This 2018 version of the St. Vincent Is decked out in a high-gloss Charcoal sparkle finish, and new color options for this model also include Blue Dawn, Stealth Black, and Seabreeze. The hourglass-shaped body is contoured in all the right places, and the cutaway and rounded heel area offer good access to the high frets. The bolt-on neck, which is cut from highly figured roasted maple and coated with a thin oil/wax finish, features a 25 ½”-scale (10” radius) ebony fretboard carrying 22 glistening, high-profile, medium frets. The neck is super comfortable, and the factory setup provided low action with only slight string buzzing above the 14th fret. The intonation was sweet sounding in all positions, too. The butter-smooth Music Man Modern tremolo and locking Schaller tuners are a proven combination, and the straight string pull afforded by the 4 + 2 arrangement over a black synthetic nut kept the tuning satisfyingly stable when bending strings or even brutalizing the bar to its limits—there’s enough downward range to slacken the strings. If things did go a little out of tune, a tap of the bar was usually all it took to remedy it. The only initial frustration was getting the strings fully stretched out.
The use of dual custom-made Music Man humbuckers on the HH further differentiates it from the previous St. Vincent with its trio of mini humbuckers. The 5-way switching provides the usual bridge/both/neck selections, as well as the outside coils and inside coils of the two pickups. This system delivers a great range of sounds, and played straight into a Sound City SC30 combo, the SVT HH produced massive distortion from all of the humbucker settings, with crisper split-’bucker tones just a couple of switch clicks away on positions 2 and 4 (nice to not have to pull on any control knobs to get those sounds).
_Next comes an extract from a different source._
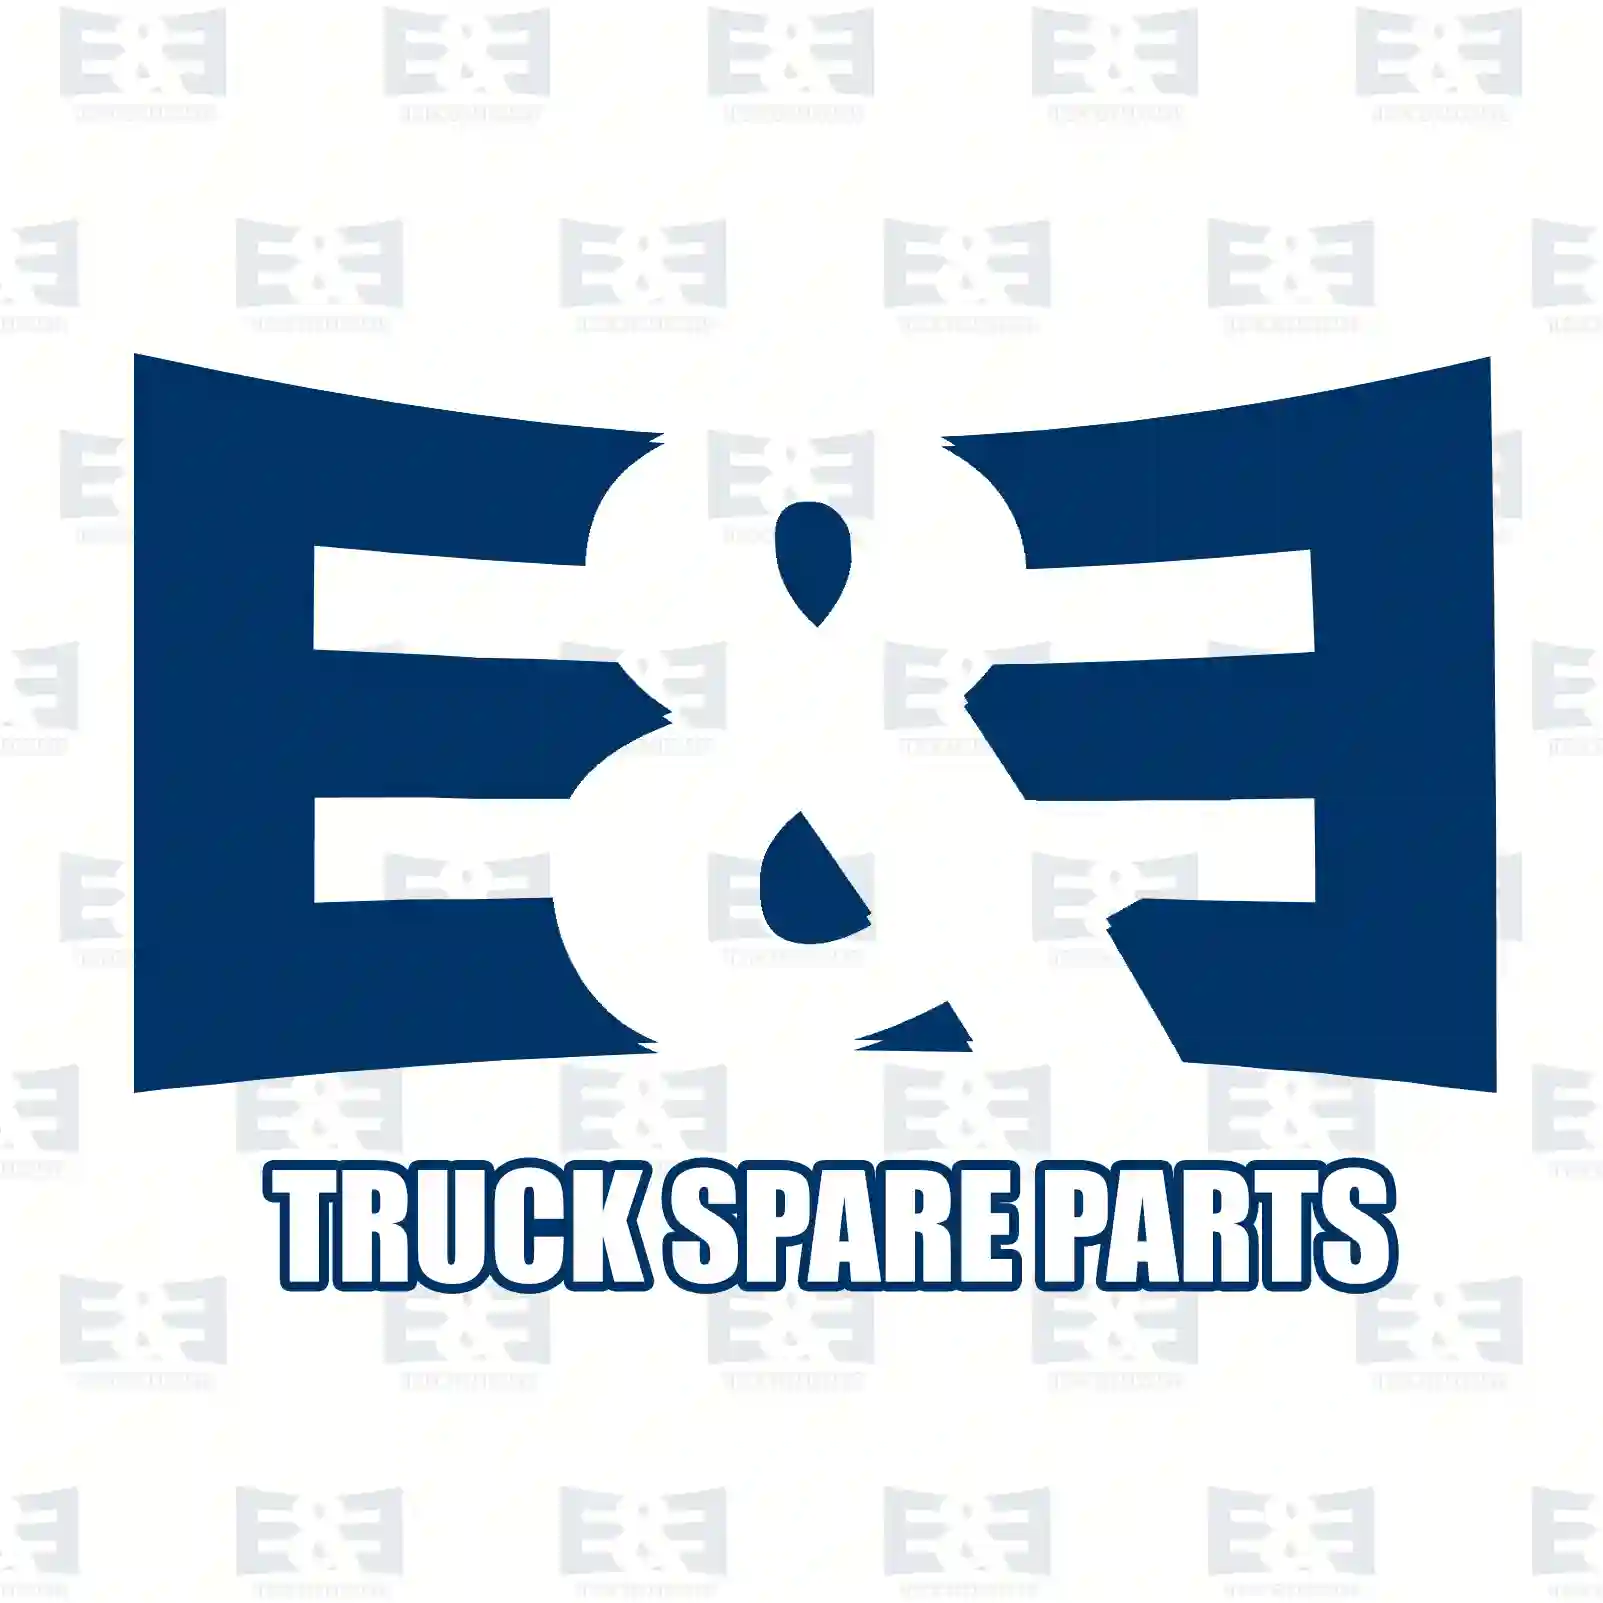 Screw, 2E2285973, 9101430000, 910143010000, ZG40283-0008, ||  2E2285973 E&E Truck Spare Parts | Truck Spare Parts, Auotomotive Spare Parts Screw, 2E2285973, 9101430000, 910143010000, ZG40283-0008, ||  2E2285973 E&E Truck Spare Parts | Truck Spare Parts, Auotomotive Spare Parts

Hard rock and metal are obvious zones for this guitar—although it also sounded cool played through a Fender Deluxe Reverb set clean—and, when fueled up via grind and fuzz pedals, the SVT HH maintained its dynamic punch and presence when pushing into a ton of distortion. Music Man definitely has it down when it comes to getting lots of sounds from two humbuckers, and that’s part what makes the St. Vincent HH a great guitar for all kinds of applications. A unique axe boasting top-notch quality, hip features, and fine playability, the SVT HH is one beauty of a beast.
MODEL St. Vincent STV HH
PRICE $2,299 street (base price)
NUT WIDTH 1 5/8”
NECK Roasted maple, bolt on (ebony optional)
FRETBOARD Maple, 25 ½” scale, 10”
TUNERS Schaller M6 locking
BODY African mahogany
BRIDGE Music Man Modern tremolo with bent-steel saddles
PICKUPS Ernie Ball Music Man custom humbuckers.
CONTROLS Volume, Tone, 5-way selector
FACTORY STRINGS Ernie Ball Slinky .010-.046
WEIGHT 7.8 lbs (measured)
KUDOS Great look. Plays well. Sounds terrific.
CONCERNS Nut corners are a tad sharp.